The short stories in this collection record events that are based on facts inspired by the author’s biography, or were triggered by the immediate historical and social context that is related to the experience of incarceration. It documents those events chronologically in some contexts by referring to their actual dates,[14]actual settings where the author lived during his upbringing in Iḥaḥān and his studies in Taroudant before he was detained in Rabat,[15] as well as the names of real personalities associated with the history of the region of Iḥaḥān.[16] Such a tendency on the part of the author affirms his desire to "intertwine the text with its external realm and make readers believe that it belong to the objective reality."[17] As a result, these short stories are laden with ideology, a celebration of the content, and the degeneration of artistic passion, except for some samples such as “Agbour.”
Id Belkacem’s documentary realism is sometimes interspersed with melancholic romantic hints (the forced marriage of Tihiya and Boumlek’s suicide in “Damien n Tihya D Boumlek” and the ending of some heroes’ destinies with detention and separation from lovers), which explains the title Imarayn.
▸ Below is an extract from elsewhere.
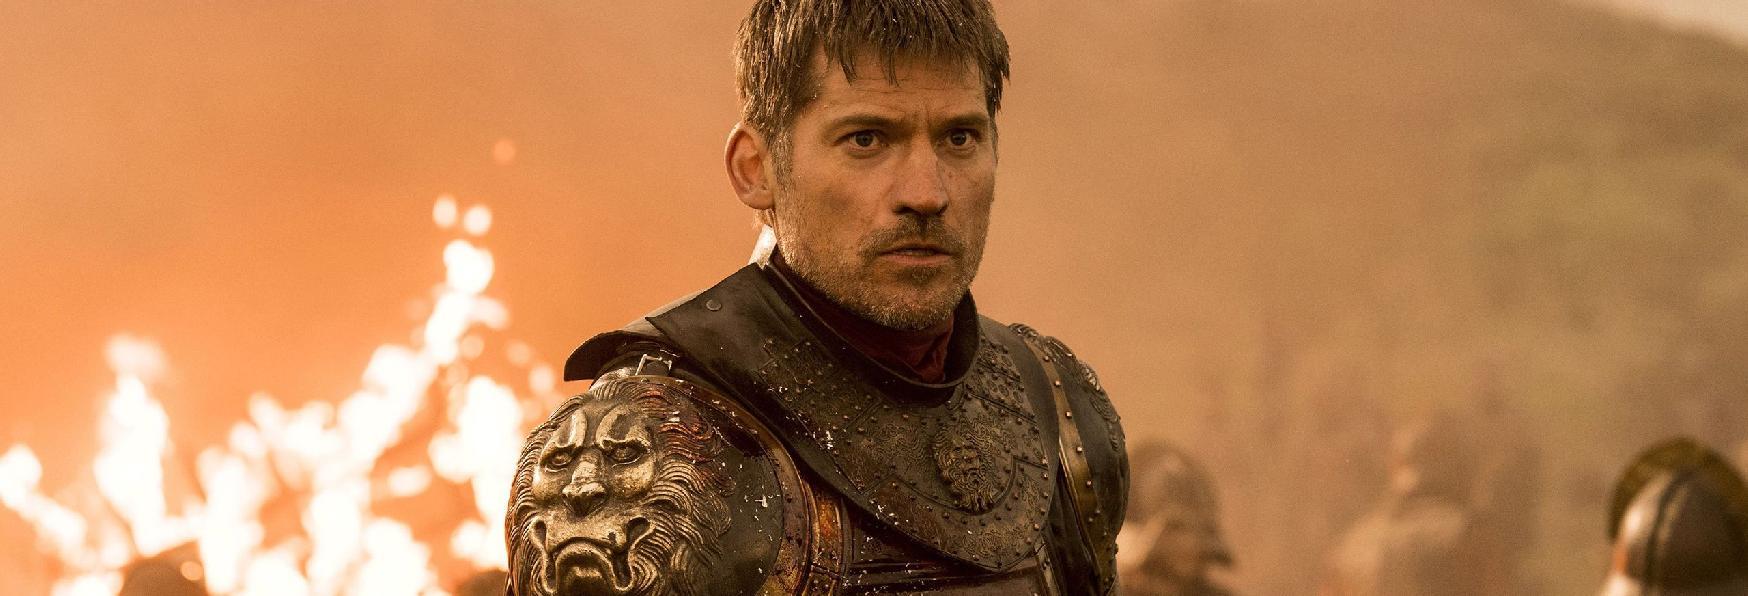 Game of Thrones 8X01: l'interprete di Jaime Lannister commenta la Scena Finale

The Second Phase: Institutionalization and Extension from 2008 to the Present
It is a continuation and extension of the foundational phase and a consolidation of the tradition of fiction writing in Tamazight after a period of dormancy that lasted for ten years (from 1998 to 2008). The narrative corpus produced at this stage was characterized by momentum, dynamism, and swift increase in creative production, especially in recent years, to the extent that the art of short story, after poetry, has dominated the Amazigh literary arena in the south. The following chart demonstrates this drastic increase: Among the factors that contributed to this dynamic production are the following:
This phase was launched in a climate marked by official recognition of Tamazight, reconciliation with the self after the royal speech of Ajdir in 2001, the establishment of an official institution specializing in Amazigh linguistic and cultural affairs (IRCAM), granting Tamazight a constitutional status in 2011, and its partial integration in the educational system.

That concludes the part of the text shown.